Metrosideros  is a genus of approximately 60 trees, shrubs, and vines mostly found in the Pacific region in the family Myrtaceae. Most of the tree forms are small, but some are exceptionally large, the New Zealand species in particular. The name derives from the Ancient Greek metra or "heartwood" and sideron or "iron". Perhaps the best-known species are the pōhutukawa (M. excelsa), northern (M. robusta) and southern rātā (M. umbellata) of New Zealand, and ōhia lehua (M. polymorpha), from the Hawaiian Islands.

Distribution

Metrosideros is one of the most widely spread flowering plant genera in the Pacific. New Caledonia has 21 species of Metrosideros, New Zealand has 12, New Guinea has seven and Hawaii has 5. The genus is present on most other high Pacific Islands, including Solomon Islands, Vanuatu, Fiji, Samoa, Cook islands, French Polynesia, Bonin Islands and Lord Howe Island, but absent from Micronesia . The genus is also represented by one species in the Philippines, one in South America (Chile and Argentina), and one outlier in South Africa. Metrosideros seeds are very lightweight and easily dispersed by wind. The seeds can also survive freezing temperatures, and up to 30 days submerged in salt water and still germinate. which probably accounts for their wide distribution.

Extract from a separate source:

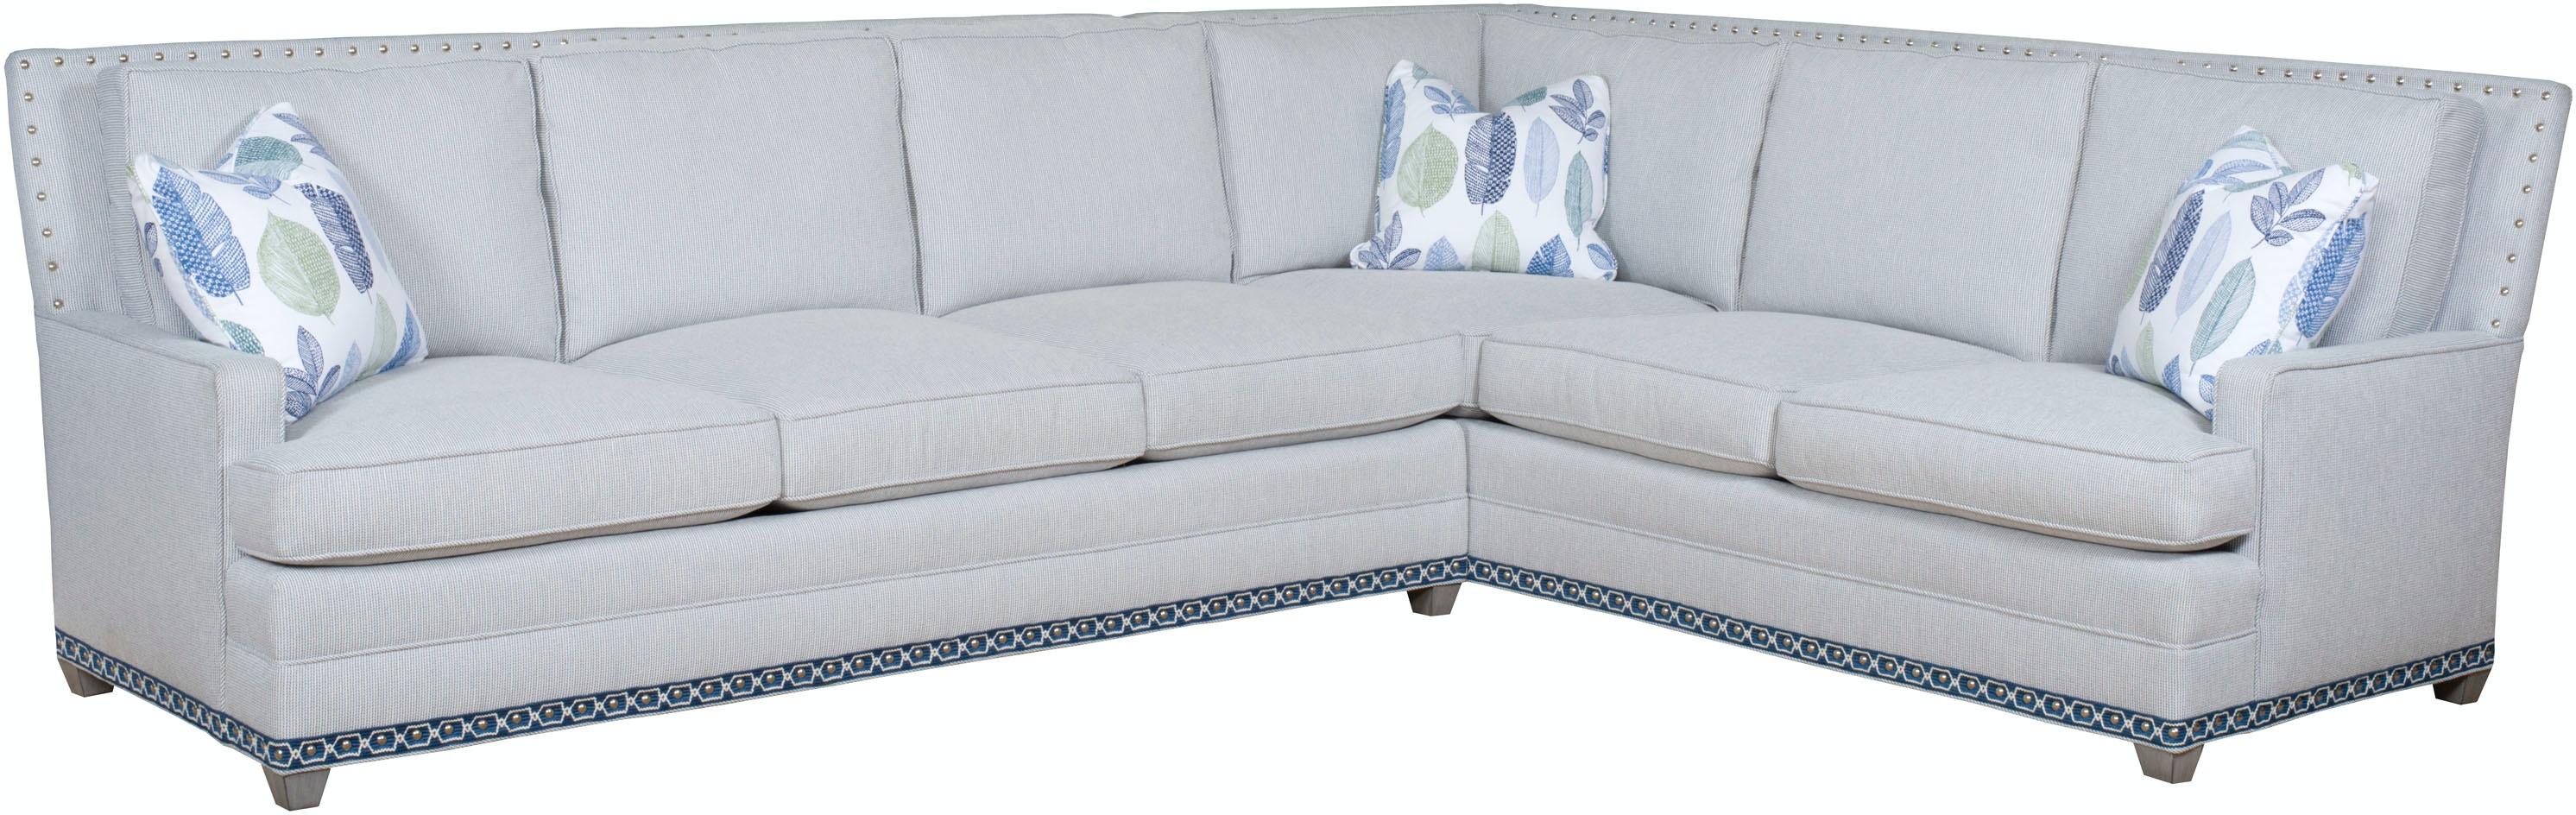 Vanguard Furniture 604 LAS Living Room Riverside Left Arm Sofa

They are often found as pioneer trees on lava flows and on mountain ridges.

Despite the clear propensity towards long-distance dispersal, this genus does not occur in mainland Australia.

Fossil record

For some time it had been hypothesised that Metrosideros evolved in New Zealand, and dispersed from there throughout the Pacific. This was due to the long fossil record of Metrosideros in New Zealand  coupled with the absence of any Metrosideros fossils on other Gondwanan landmasses. The oldest conclusive fossil evidence of Metrosideros in New Zealand is fossil fruits from the Miocene aged Manuherikia sediments of Central Otago. There is a fossil pollen record going back much further, but it has been shown that Metrosideros pollen is very similar morphologically to many other genera within the family Myrtaceae and as such, fossil pollen cannot be reliably used as an oldest record of the genus.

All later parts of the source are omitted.